The Latest One-Upmanship on the Lunatic Right


It’s hard to keep up with the latest in right-wing looniness. But Andrew Sullivan helps out by highlighting American Betrayal, a loopy new book that updates and then turbocharges the whole Yalta-treason-conspiracy-so-vast fever swamp of the late 40s and 50s:

Take a new book by Diana West about how the Soviet Union “occupied” America under FDR and dictated foreign policy to serve communist interests….And then you begin to inquire further and your eyes widen a little. A few paragraphs into reading the debate, you realize that all of this is connected with the claim of a current huge conspiracy lying in plain sight — the Muslim Brotherhood’s grip on the White House. Obama is a closet Islamist, just as FDR was a closet Stalinist. It all makes sense now!

….So do yourself a favor and get a glimpse of the insanity now dominating what was once a vibrant intellectual culture by reading Ron Radosh’s devastating review of the book. (David Horowitz gives his side of the kerfuffle here.) Front Page offered West equal space to respond but she wisely refused (see her position here). After reading Radosh, you realize why. She’s got nothing. But she still has much of the movement right on her side.

This morning he added an update:

I was dismayed by how isolated the push-back against the book — by David Horowitz and Ron Radosh — seemed to be on the right.
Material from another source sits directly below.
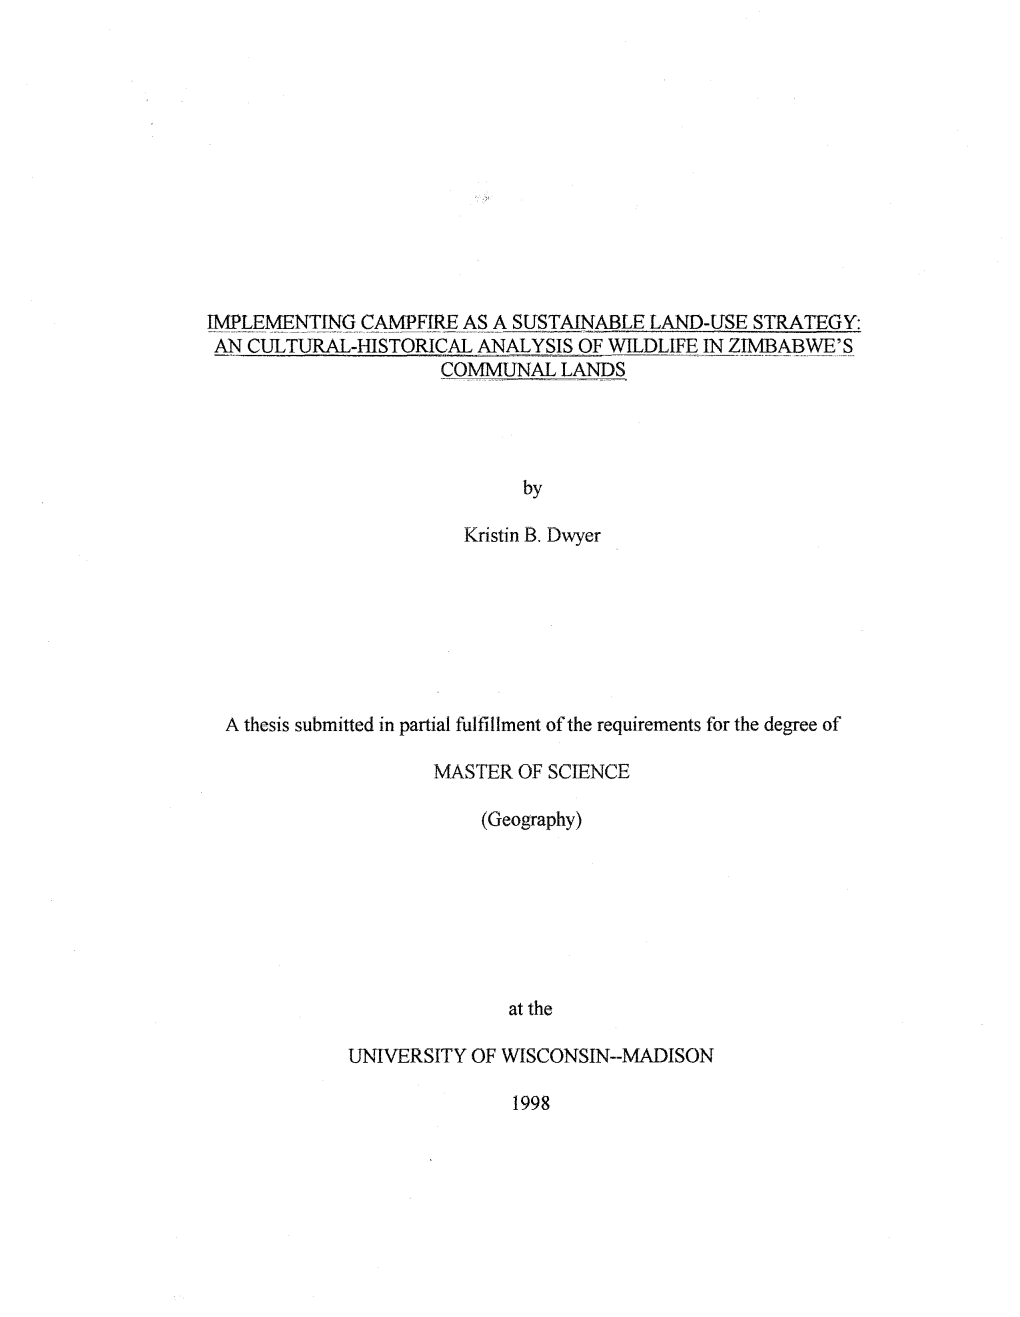 Masters Thesis (3.237Mb)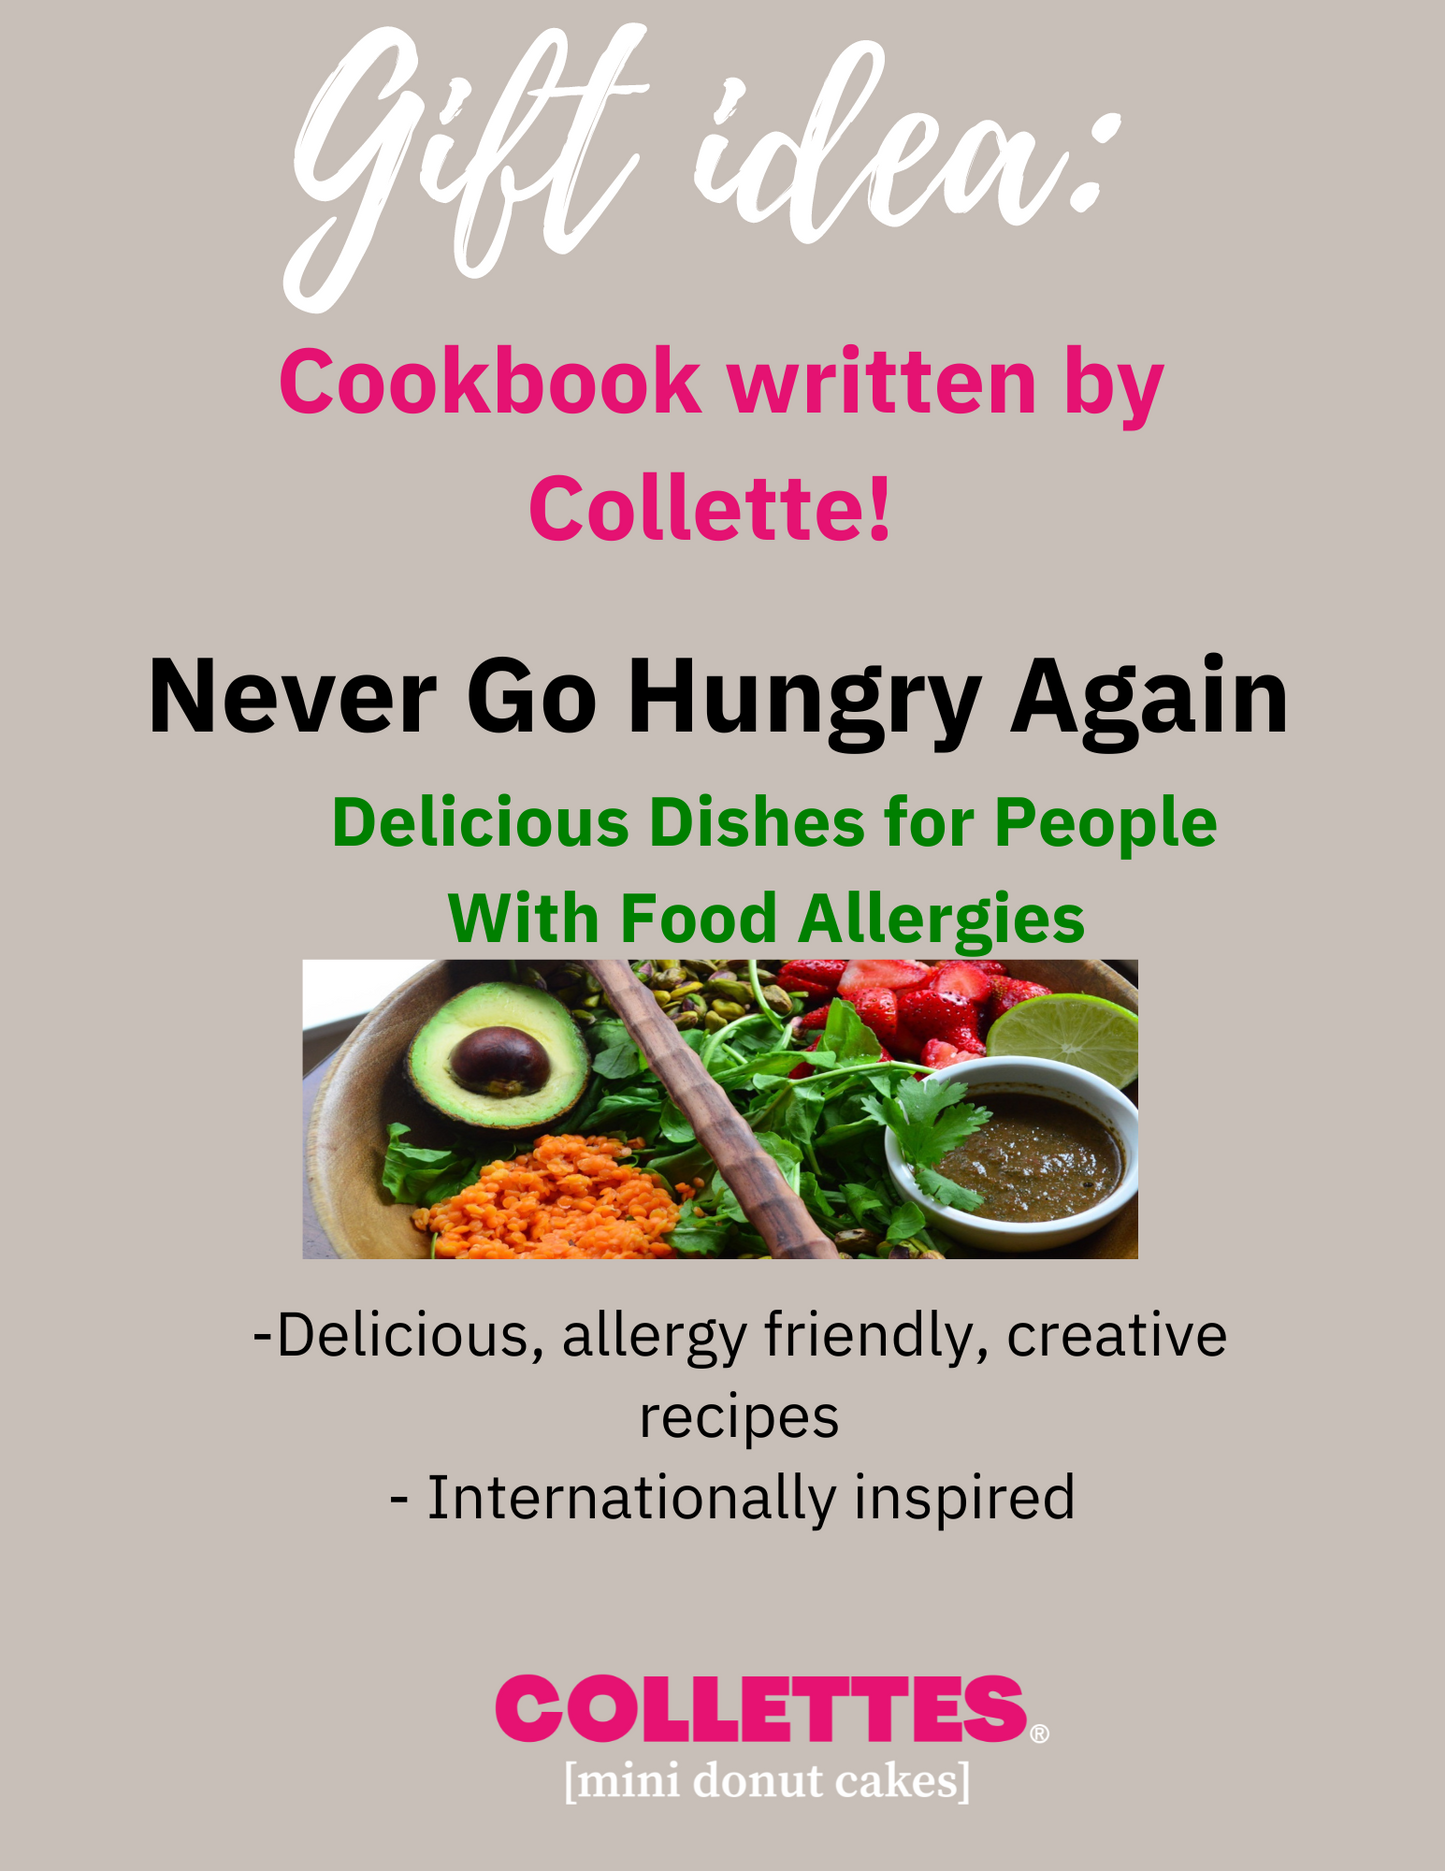 Cookbook Never Go Hungry Again written by Collette (order from B& N website link)

So it’s worth revisiting the debate after a few days to check in on developments. First up: some good news today. Conrad Black’s review in NRO surely counts as a serious public counter to the legitimization of this conspiracy theory, lumping West’s far right-paranoia in with Oliver Stone’s far-left version.

Sadly, Conrad Black hardly counts. Sure, he’s a conservative, but he’s also a biographer of FDR who adores his subject. The fact that he’s defending Roosevelt doesn’t actually say much about the right.

On the other hand, Horowitz and Radosh aren’t exactly squishes on this stuff. If even they agree that West’s book is nonsense, then you can be pretty sure that it must be pretty well marinated in the worst kind of Glenn Beck-style nutballism. And yet, great swathes of the right wing have embraced it eagerly. This is part of a peculiar trend on the right over the past few years, in which conservatives are no longer content to argue that liberalism and the New Deal were merely misguided policies. That’s not enough. They’re now returning to Bircher-esque narratives that were abandoned long ago, in which the history of America since the 30s is just one long story of treachery, corruption, economic decline, and deliberate appeasement.

What’s the point of this game of one-upmanship? I’m not sure. But it’s sort of like the history of Hollywood blockbusters: spectacular battle scenes that seemed awesome just a few years ago are now old hat. New movies have to up the ante, which makes them more and more ridiculous every year. Likewise, conservatives seem to feel that they have to continually up the historical ante. You can barely get any attention these days by writing merely that liberals are trying to turn America into a socialist hellhole. That’s so 2009. Instead you have to argue that FDR was basically a Soviet mole. I’m not sure where it ends.